Jurema Werneck: Bom, eu sou ativista desde que eu tinha oito anos de idade. Eu aprendi a ser ativista pela história da minha família e pela história das pessoas que eu conhecia. Sempre houve um ativismo de mulheres negras, mas o que havia antes era pouco reconhecimento. Qualquer favela de qualquer cidade tem uma liderança que é uma mulher negra. Por que quem é que garante a educação pré-escolar se não for uma mulher negra que guardou as crianças em casa e desenvolveu iniciativas de educação? Creche, o que era a creche pública da favela se não a casa de uma outra mulher negra? Sempre houve organização, trabalho e ativismo de mulheres negras. Mas acho que dos anos 80, principalmente dos anos 90 para cá, houve uma maior visibilidade. As líderes de favela ainda não são reconhecidas no seu ativismo.
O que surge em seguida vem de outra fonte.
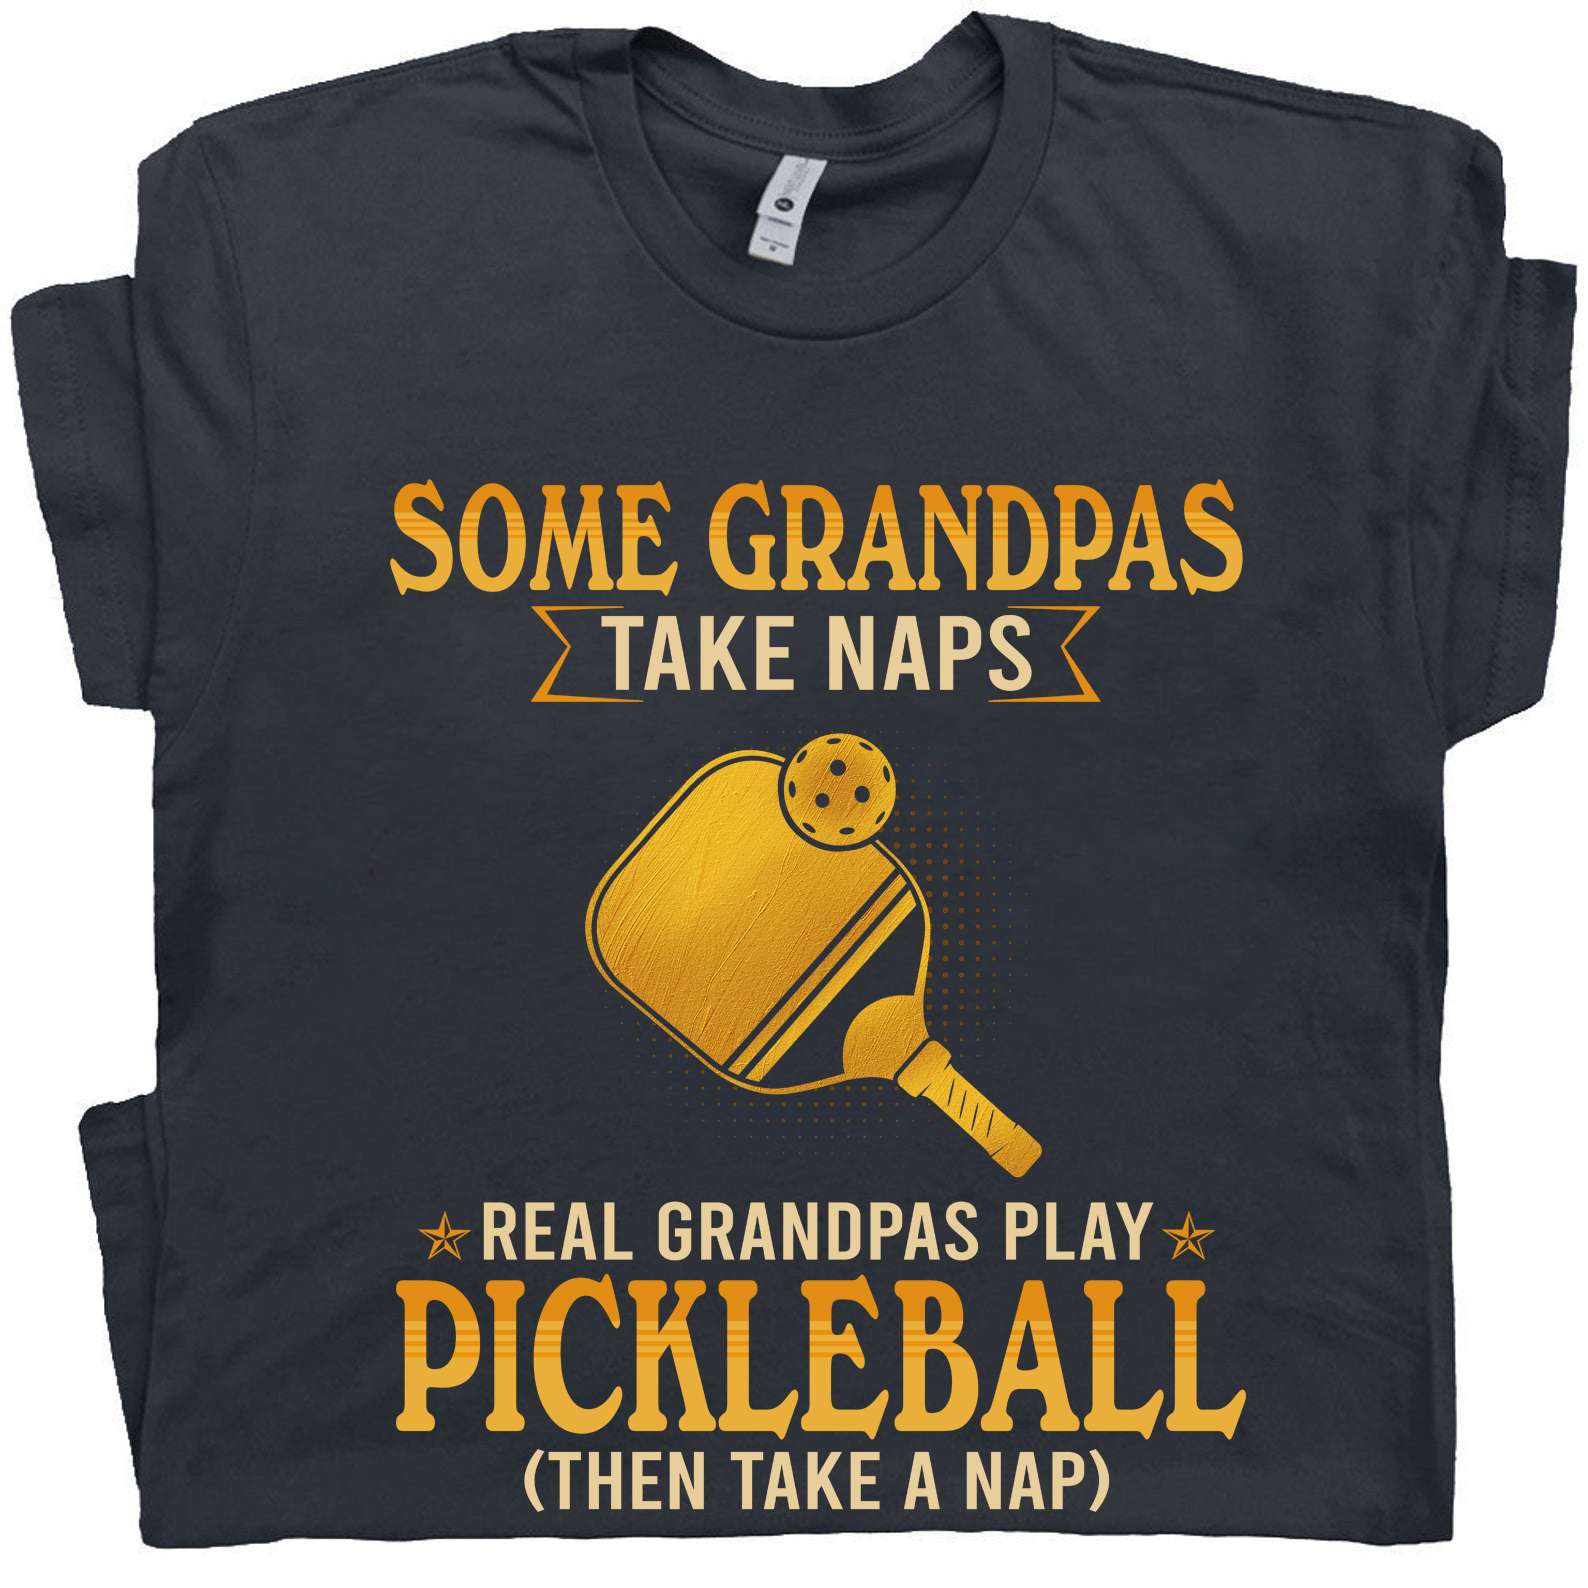 Pickleball Grandpas - Some grandpas take naps real grandpas play pickleball

Todas essas que fazem creche, pré-escola, distribuem comida, lutam por escola, posto de saúde, não são reconhecidas ainda no século XXI. Mas um outro espaço de ativismo de mulheres negras que a partir das décadas de 80 e 90 se desenvolvem como organizações de mulheres negras, essas organizações começaram a angariar uma maior visibilidade, porque a sociedade civil organizada também angariou uma maior visibilidade. Nós temos poucos registros históricos da trajetória organizativa das mulheres negras, mas em 1908 tem registro de organizações de mulheres negras, em Pelotas, por exemplo. No pós-abolição imediato, tem registro de organizações de mulheres negras constituídas e se nesse período tem este registro, ele responde uma tradição. Não deve ter sido uma invenção do pós-abolição e é só um reflexo do que foi necessário acontecer para acabar com a escravidão.

 

Sim, o ativismo das mulheres negras foi, ao longo dos anos oitenta para cá, tendo maior visibilidade, mas no modelo “classe média”. No modelo universitário, classe média, ONG. Partido político um pouco, mas não muito. Partido político é muito recente. E só foi recente porque Marielle foi assassinada. Mas existe um silenciamento sobre a maior quantidade deste ativismo que ainda não se olha, porque afinal não é classe média, não fala a língua daqueles que querem ouvir. Então acho que a gente ainda tem um longo caminho pela frente.

 

Leia aqui a entrevista na íntegra!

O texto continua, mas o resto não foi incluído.